The House Intelligence Committee inserted language in the pending intelligence authorization bill that would bar access by the Privacy and Civil Liberties Oversight Board (PCLOB) to classified information pertaining to covert action.
“Nothing in the statute authorizing the Privacy and Civil Liberties Oversight Board should be construed to allow that Board to gain access to information the executive branch deems to be related to covert action,” according to the new Committee report on the Intelligence Authorization Act for FY 2016 (section 306), published yesterday.
To the extent that covert action is employed against terrorism and is therefore within the scope of PCLOB’s charter, the House Committee action would preclude PCLOB oversight of the implications of such covert actions for privacy and civil liberties.
That “unduly restricts” PCLOB’s jurisdiction, according to Rep. James Himes (D-CT), a member of the House Intelligence Committee who unsuccessfully sought to modify the provision.
It is possible that there is some tacit rivalry between PCLOB and the congressional intelligence oversight committees, particularly since the PCLOB found that the Section 215 program for collection of telephone metadata was unlawfully implemented while the oversight committees had approved and embraced it. (The recurring failure of the intelligence oversight committees to accurately represent broader congressional and public perspectives over the past decade is a subject that remains to be addressed.)
By contrast, the same House bill directed that the DNI shall provide the Government Accountability Office with the access to information that it needs to perform its authorized functions. The relevant directive (ICD 114) “shall not prohibit the Comptroller General [i.e., the head of the GAO] from obtaining information necessary to carry out an audit or review at the request of the congressional intelligence and defense committees.”

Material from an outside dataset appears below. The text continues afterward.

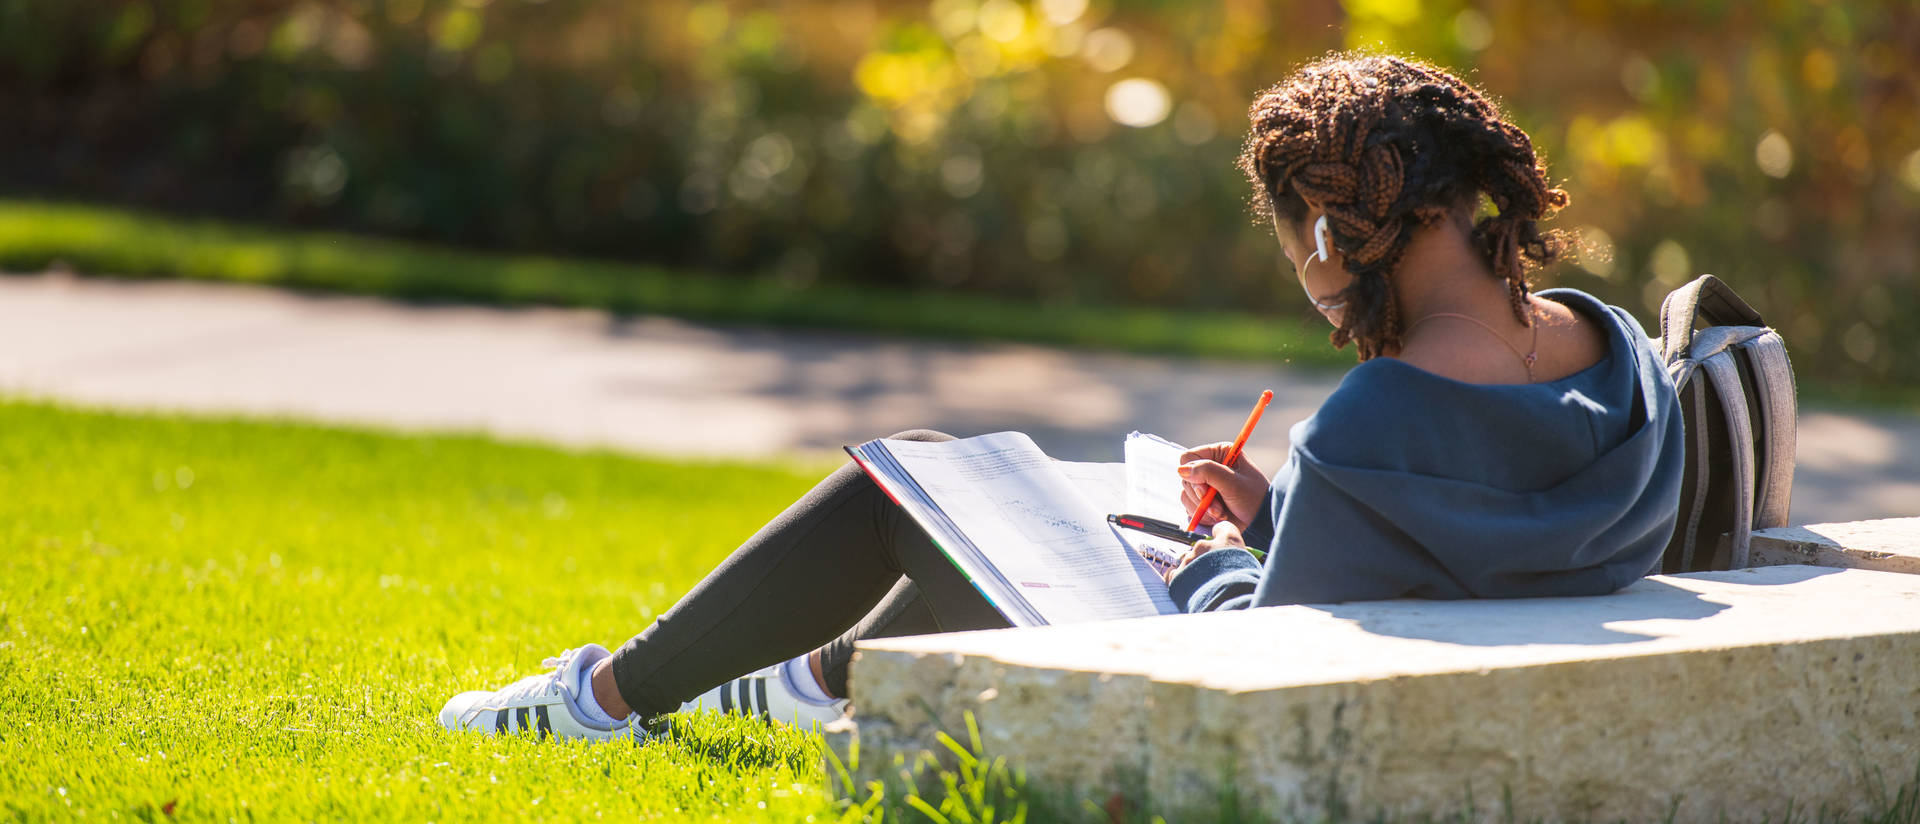 Student studies outside on the campus lawn.

The new House Committee measure may be gratuitous in any event, since the PCLOB is an executive branch agency and is already subject to the authority of the Director of National Intelligence to protect intelligence sources and methods, and to regulate access accordingly.
The PCLOB has recently posted a plan for its review of two counterterrorism-related activities governed by Executive Order 12333.

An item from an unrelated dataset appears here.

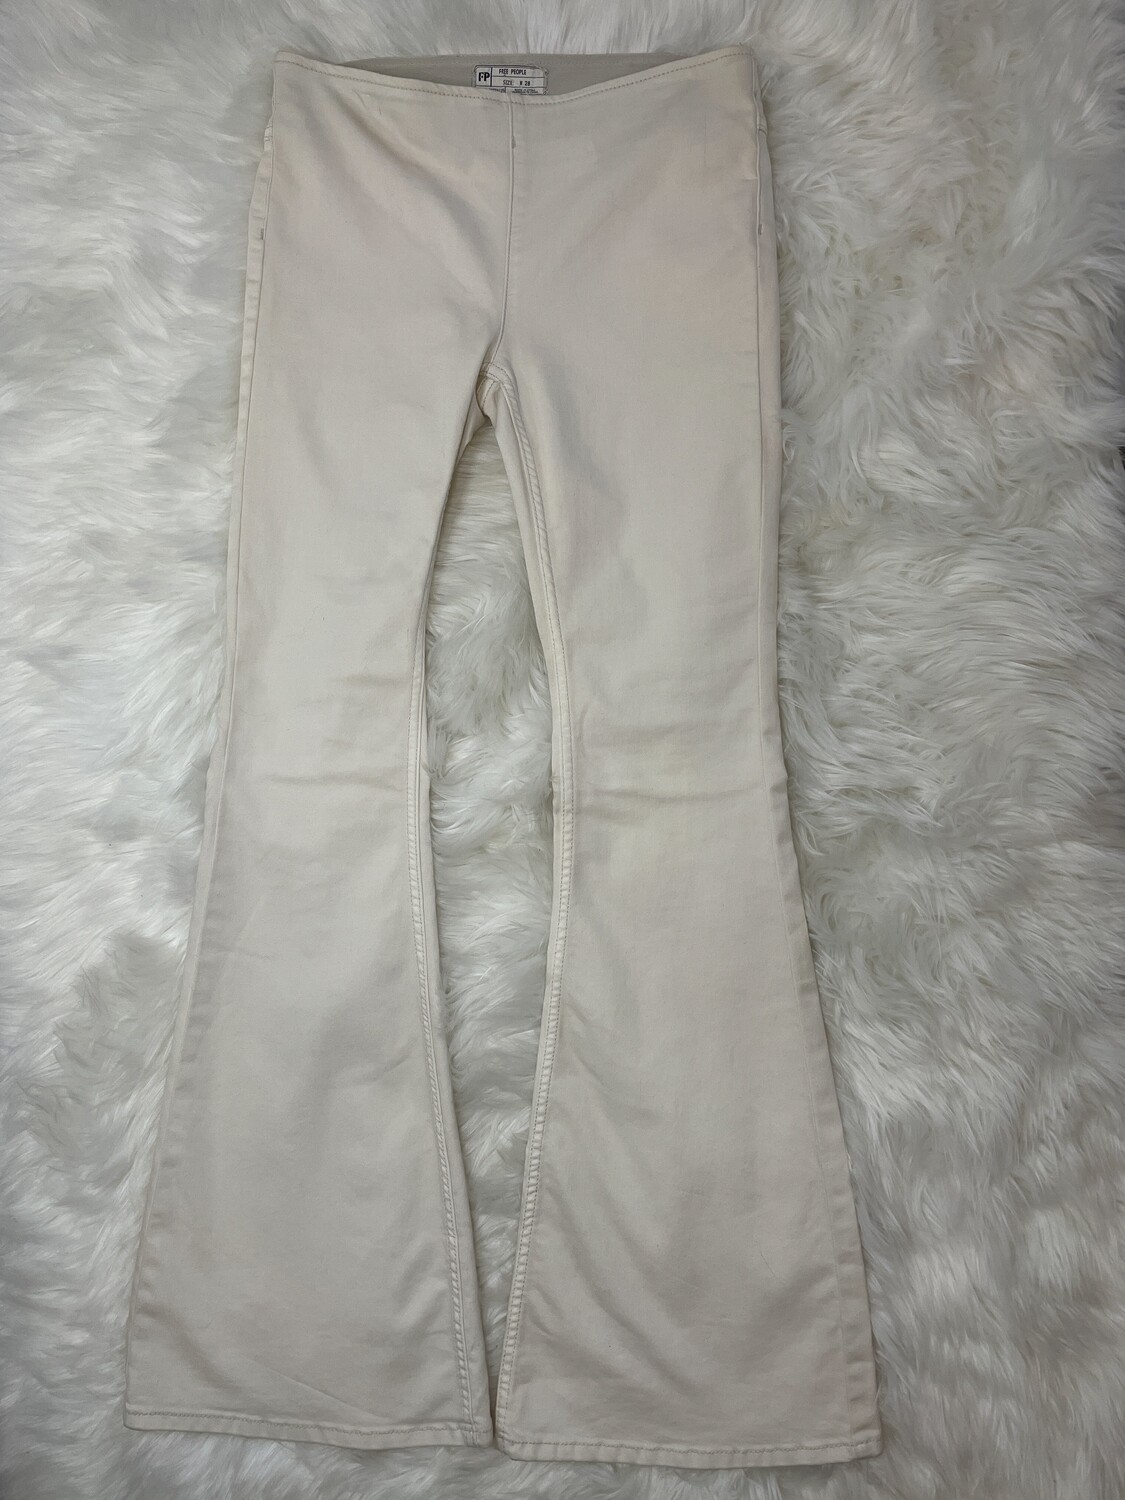 Free People Off White Flare Leg Pants - Size 28

“The Board plans to concentrate on activities of the CIA and NSA, and to select activities that involve one or more of the following: (1) bulk collection involving a significant chance of acquiring U.S. person information; (2) use of incidentally collected U.S. person information; (3) targeting of U.S. persons; and (4) collection that occurs within the United States or from U.S. companies,” the PCLOB plan said.
Yesterday, Senators Dianne Feinstein and John McCain introduced an amendment to the 2016 defense authorization act “to reaffirm the prohibition on torture.” The amendment would limit interrogation techniques to those included in the unclassified Army Field Manual 2-22.3 (Appendix M). And it would require regular review of “to ensure that Army Field Manual 2-22.3 complies with the legal obligations of the United States and reflects current, evidence-based, best practices for interrogation that are designed to elicit reliable and voluntary statements and do not involve the use or threat of force.” The amendment had not yet been voted on as of yesterday.
Update: The origins of the House Intelligence Committee’s apparent animosity towards the Privacy and Civil Liberties Oversight Board were explored by Ellen Nakashima in Upset over op-ed, GOP lawmakers seek to curb privacy board, Washington Post, June 10, 2015.